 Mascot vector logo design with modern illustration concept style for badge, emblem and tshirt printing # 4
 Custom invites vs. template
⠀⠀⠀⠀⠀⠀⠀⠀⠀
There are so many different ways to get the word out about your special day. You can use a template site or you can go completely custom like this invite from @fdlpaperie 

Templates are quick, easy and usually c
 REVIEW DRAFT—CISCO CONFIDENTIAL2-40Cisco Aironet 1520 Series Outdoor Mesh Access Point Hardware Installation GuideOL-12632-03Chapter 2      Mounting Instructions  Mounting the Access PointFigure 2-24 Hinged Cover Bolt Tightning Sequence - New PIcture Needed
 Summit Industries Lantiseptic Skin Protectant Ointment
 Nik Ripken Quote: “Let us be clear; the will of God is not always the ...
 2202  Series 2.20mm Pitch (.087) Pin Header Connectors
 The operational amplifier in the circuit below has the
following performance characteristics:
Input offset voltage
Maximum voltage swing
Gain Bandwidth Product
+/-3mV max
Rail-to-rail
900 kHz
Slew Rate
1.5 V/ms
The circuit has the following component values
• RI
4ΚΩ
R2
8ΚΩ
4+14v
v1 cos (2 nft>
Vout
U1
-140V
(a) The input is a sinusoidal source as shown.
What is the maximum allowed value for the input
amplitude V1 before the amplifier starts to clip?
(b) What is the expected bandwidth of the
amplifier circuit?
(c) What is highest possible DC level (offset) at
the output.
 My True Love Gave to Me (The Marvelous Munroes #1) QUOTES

#### What the task requires:
Everything from the first line of the entries above through the line with "amplifier circuit?" is to be reproduced exactly, and nothing else.

#### Response to the exercise:
 Mascot vector logo design with modern illustration concept style for badge, emblem and tshirt printing # 4
 Custom invites vs. template
⠀⠀⠀⠀⠀⠀⠀⠀⠀
There are so many different ways to get the word out about your special day. You can use a template site or you can go completely custom like this invite from @fdlpaperie 

Templates are quick, easy and usually c
 REVIEW DRAFT—CISCO CONFIDENTIAL2-40Cisco Aironet 1520 Series Outdoor Mesh Access Point Hardware Installation GuideOL-12632-03Chapter 2      Mounting Instructions  Mounting the Access PointFigure 2-24 Hinged Cover Bolt Tightning Sequence - New PIcture Needed
 Summit Industries Lantiseptic Skin Protectant Ointment
 Nik Ripken Quote: “Let us be clear; the will of God is not always the ...
 2202  Series 2.20mm Pitch (.087) Pin Header Connectors
 The operational amplifier in the circuit below has the
following performance characteristics:
Input offset voltage
Maximum voltage swing
Gain Bandwidth Product
+/-3mV max
Rail-to-rail
900 kHz
Slew Rate
1.5 V/ms
The circuit has the following component values
• RI
4ΚΩ
R2
8ΚΩ
4+14v
v1 cos (2 nft>
Vout
U1
-140V
(a) The input is a sinusoidal source as shown.
What is the maximum allowed value for the input
amplitude V1 before the amplifier starts to clip?
(b) What is the expected bandwidth of the
amplifier circuit?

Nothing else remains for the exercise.